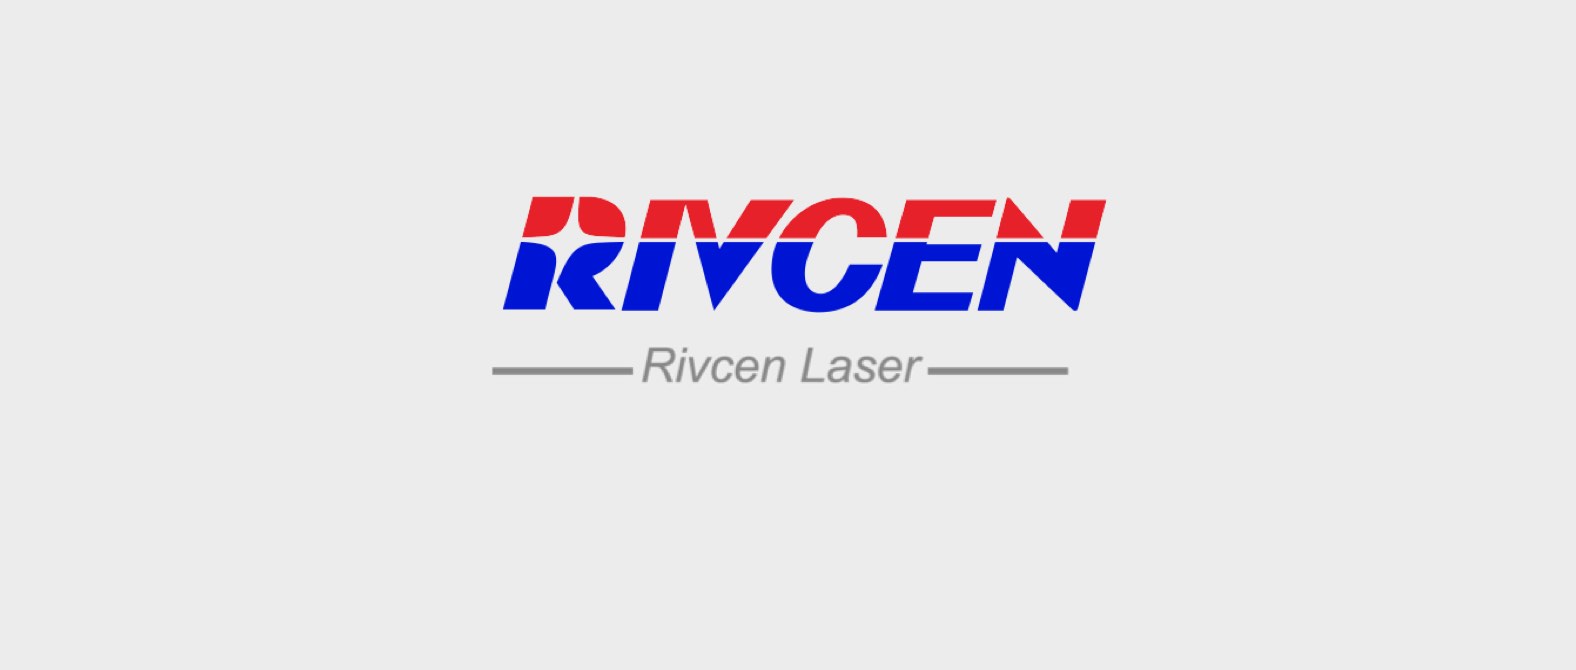 RIVCEN established Rivcen laser division.jpg
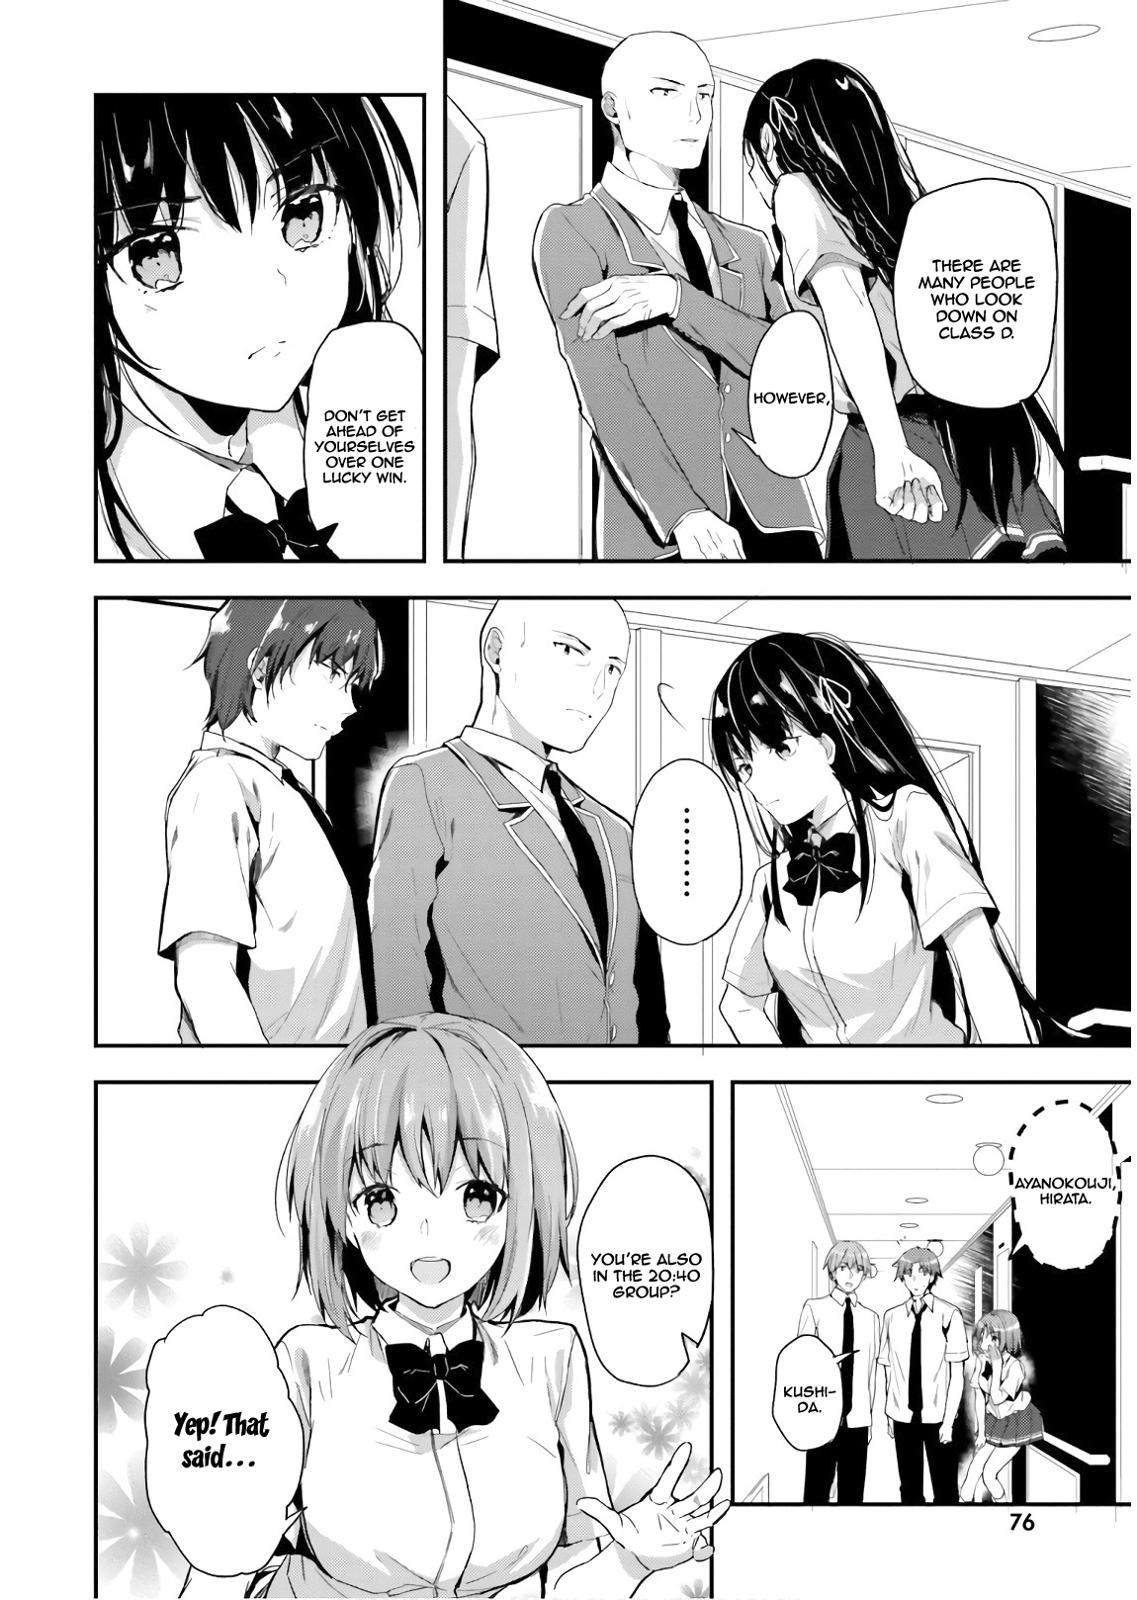 Класс превосходства Манга. Manga Classroom.
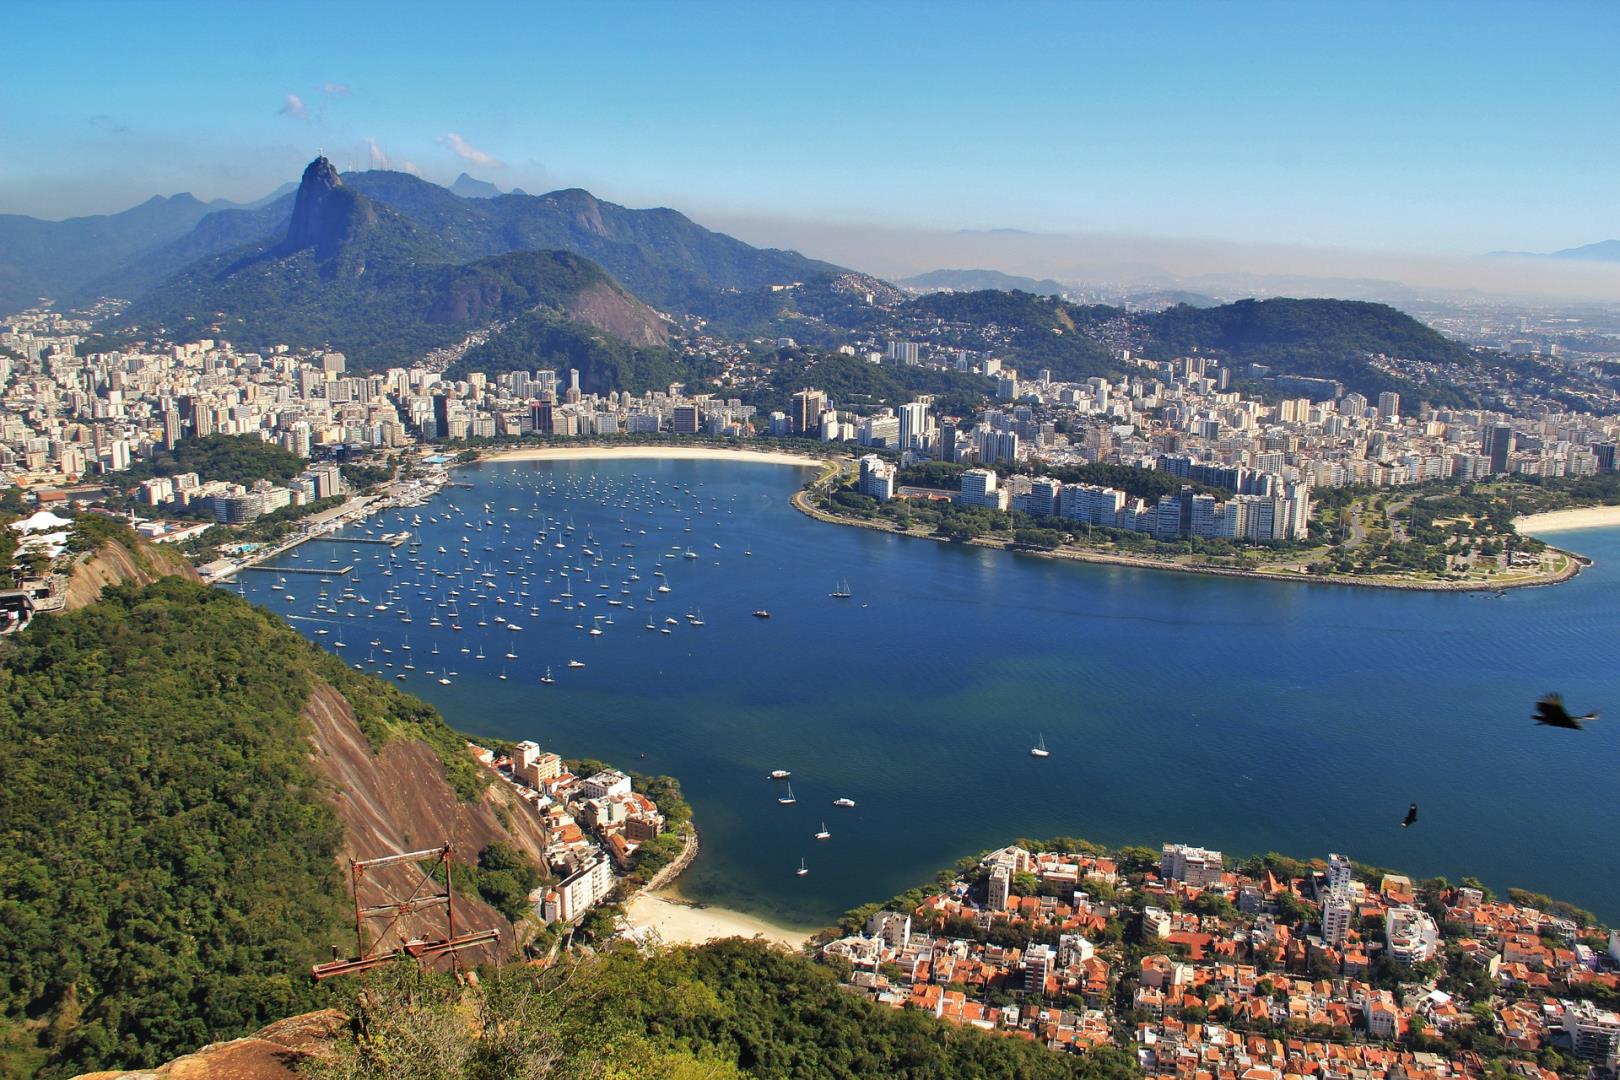 Aerial view of Rio de Janeiro - Photo Credit: Assy via Pixabay

—————

WHAT TO PRODUCE: All of the data must be set down exactly, with no pictures included.

YOUR SOLUTION:
 RIVCEN established Rivcen laser division.jpg
 Класс превосходства Манга. Manga Classroom.
 Aerial view of Rio de Janeiro - Photo Credit: Assy via Pixabay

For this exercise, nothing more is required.